King cursed again, for a far different reason than before.
“Stop making so much noise,” Charlotte complained without opening her eyes. “Use your inside voice too, Dain. I’m trying to sleep over here.”
“Charlotte,” King said, pain ricocheting through him as he tried once more, just as unsuccessfully, to sit up in bed.
His nurse tsked. “You know the head of these beds inclines, don’t you?”
The mattress began lifting, and he subsided in relief. “Are you okay, angel?” God, that bruise looked agonizing. If Hugh had been here—and if King hadn’t been shot—he’d make sure the man knew exactly what it felt like to have all the bones in his face rearranged.
Dain must have followed a similar train of thought because he said, “Saint paid Hugh back for the shiner. The staff had to set his broken nose before they took him to jail.”
“Remind me to thank him next time I see him,” Charlotte said. Her eyes still weren’t open, and he needed them to be, needed to see her gray gaze steady on him. At peace. Just plain okay.
“Look at me, Charlotte.”
The hint of command in his voice got her to comply. For no more than a moment, but King could see from the hazy connection as their eyes met that she was with him. The last of his worry trickled away.
“Let me sleep, King,” she said grouchily. Apparently anesthesia made her cranky.

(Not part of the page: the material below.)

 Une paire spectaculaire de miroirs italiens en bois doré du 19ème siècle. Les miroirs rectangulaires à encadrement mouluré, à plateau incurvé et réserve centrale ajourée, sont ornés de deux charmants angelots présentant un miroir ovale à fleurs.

He could do that. He was lying beside her, after all. Not like she could escape him. He prayed she wouldn’t try, but if she did, he could
stop her, bullet wound or not.
He grinned. Dain raised a questioning brow at him as if wondering what was so funny, but rather than answer, he closed his eyes and drifted off, content in knowing Charlotte was here, they were together, and they’d both heal eventually.
Three days later he and Charlotte went straight from the hospital to Wes’s funeral. Saint kindly drove them after providing formal clothes for them to change into. The three of them were quiet on the way to the church, each absorbed in their own thoughts, Charlotte and King in their own memories of Wes. King’s chest felt like he couldn’t draw a full breath, the ache for his cousin was so strong. Added to the pain in his side, he couldn’t wait to get through this and back to Charlotte’s, to fall asleep not in separate beds but one, his arm around her—carefully, since they’d both been shot on the same side. They’d make it work, though. Not being able to lie beside one another had been agony the past few days.

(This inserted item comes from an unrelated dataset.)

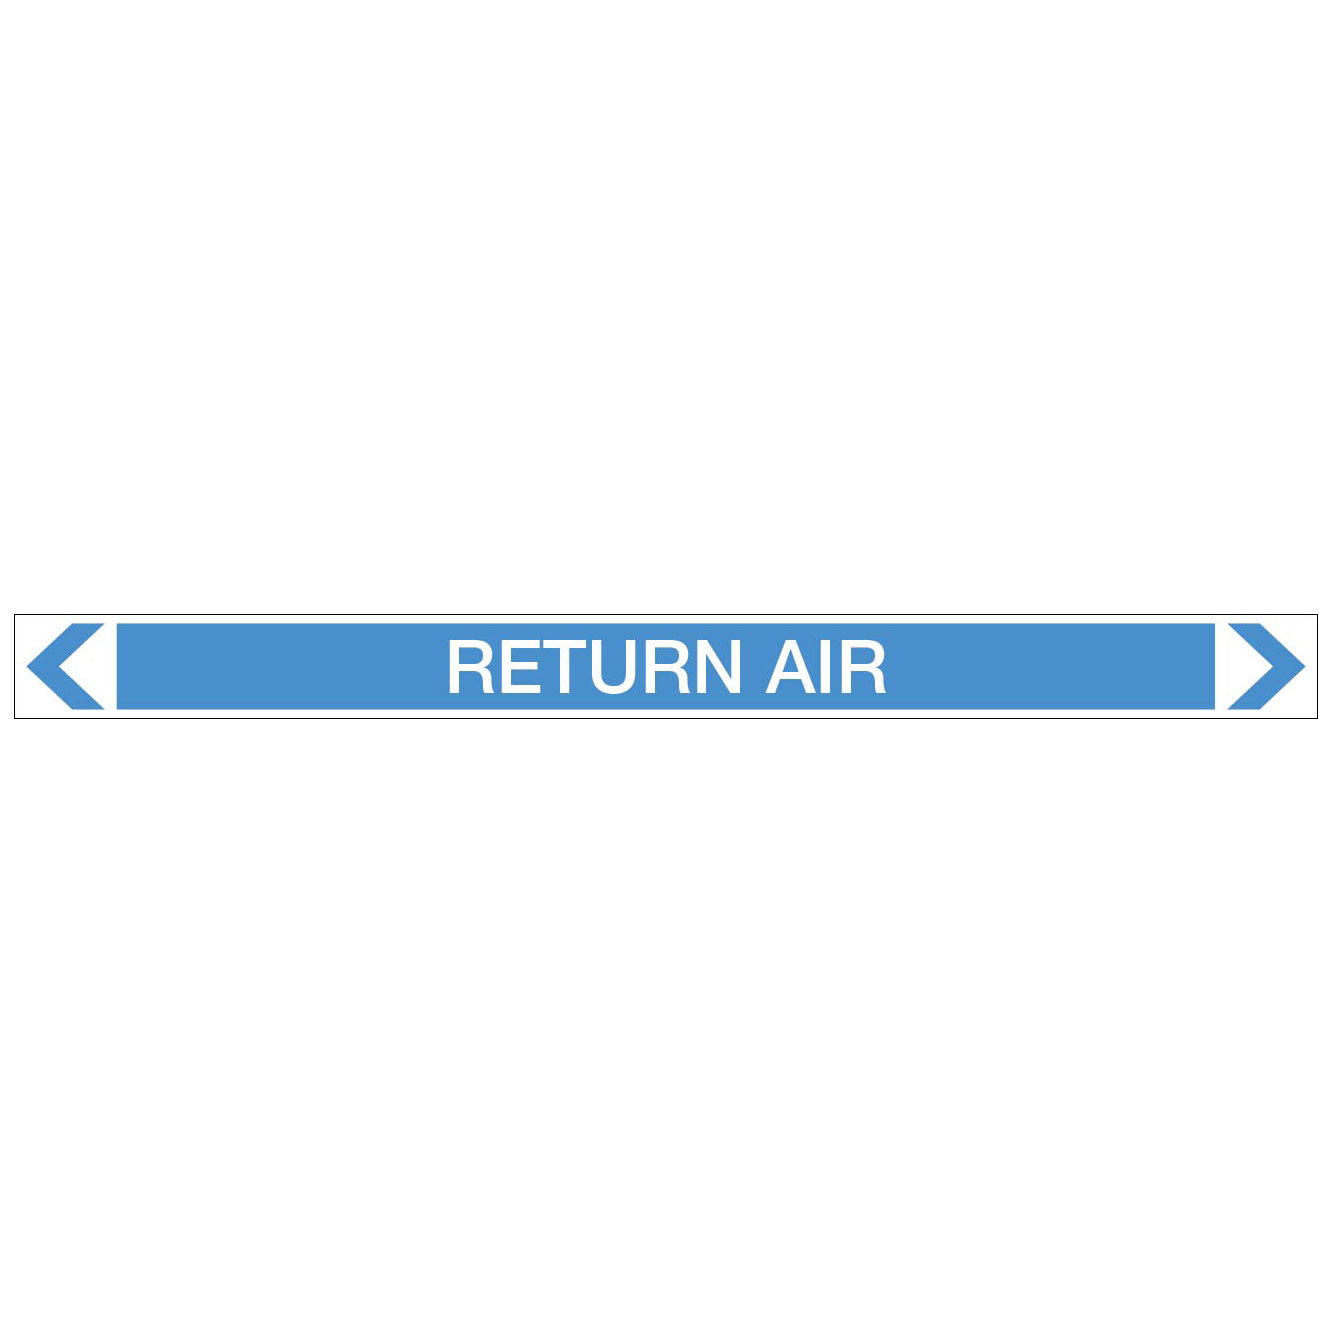 Air - Return Air - Pipe Marker Sticker

But all that would have to wait a few more hours. Wes needed them first.
The massive downtown church was already full when they arrived. Of course it would be. Not only was Wes from a prominent, wealthy Atlanta family, but he’d been active in the community, in charities, and everyone who’d met him had loved him. King led Charlotte inside, careful to protect her from jostling in the crowd. The church narthex was quieter, giving them some breathing space, and King stopped at the entrance to the sanctuary, his gaze centered on the coffin, gleaming dark mahogany, that waited at the altar.
Charlotte placed her hand on his heart, her face reflecting the pain he also felt.
He’d expected to visit Wes in a church someday. For his cousin’s wedding, maybe, or the christening of his first child. Not his funeral. Definitely not this. The hole where his cousin had fit in his heart was empty, gaping, and he didn’t know if it would ever heal. When he noticed Warren and Christy at the head of the aisle, greeting the mourners, he knew they must feel the same.
He and Charlotte walked slowly toward them, taking their time. Although Charlotte’s injuries hadn’t been as complicated as King’s, her body was so much smaller and she was struggling with pain more than he was. Wes’s parents watched them come, worry on both their faces, but King gave them a sad smile. They had enough to worry about, enough devastation to their family as it was; they didn’t need to worry about him and Charlotte as well.